96«Justice» («Справедливость») – еженедельная газета, издававшаяся в Лондоне с января 1884 до начала 1925 года; орган Социал-демократической федерации, с 1911 года – орган Британской социалистической партии. С февраля 1925 по декабрь 1933 года выходила под названием «Social-Demokrat» («Coциал-Демократ»).
97См. К. Маркс и Ф. Энгельс. Сочинения, т. XXVIII, 1940, стр. 320–321; т. XXIX, 1946, стр. 210, 306; К. Маркс и Ф. Энгельс. Избранные письма, 1953, стр. 476.
98«Labour Leader» («Рабочий Вождь») – еженедельная газета, издается с 1891 года; с 1893 года – орган Независимой рабочей партии Англии.

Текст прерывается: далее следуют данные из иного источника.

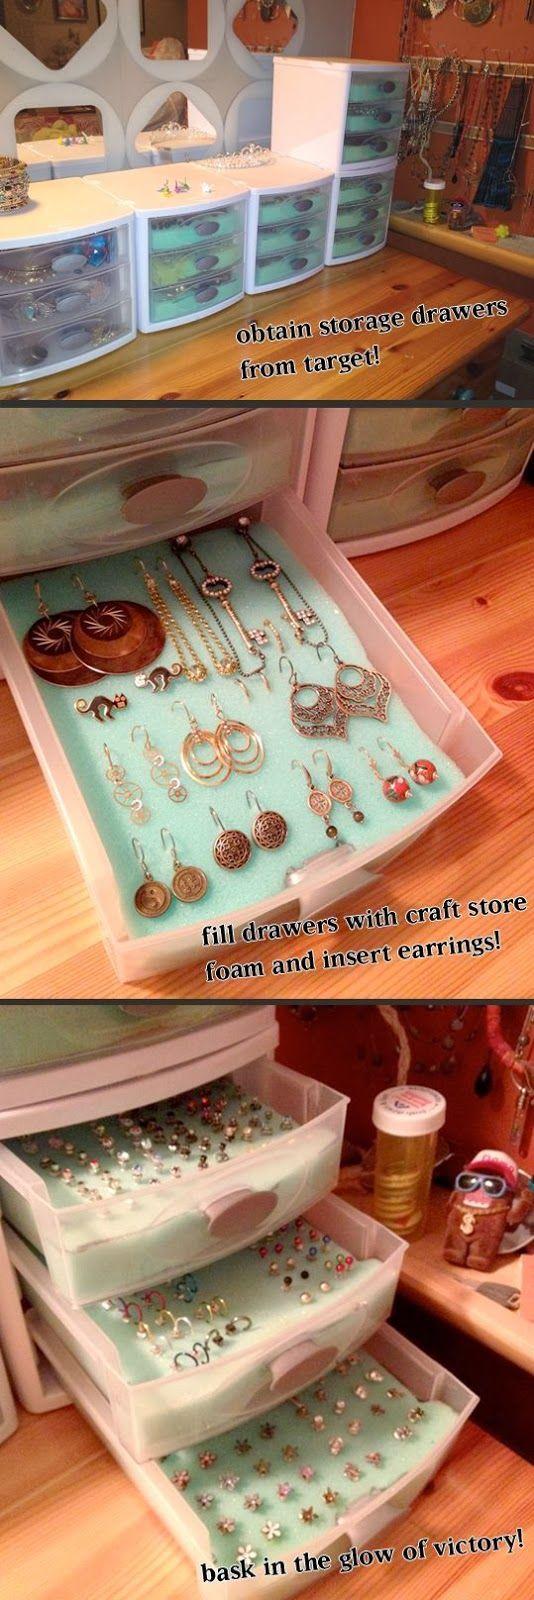 Fun Home Things: 12 Organizing Ideas Like the earring storage

С 1922 года газета выходила под названием «New Leader» («Новый Вождь»); с 1946 года – под названием «Socialist Leader» («Социалистический Вождь»).
99«Daily Mail» («Ежедневная Почта») – английская ежедневная газета, основана в 1896 году, издается в Лондоне большим тиражом; выражает настроения крайне правого крыла империалистической буржуазии Великобритании.
25Independent Labour Party – Независимой рабочей партии. Ред.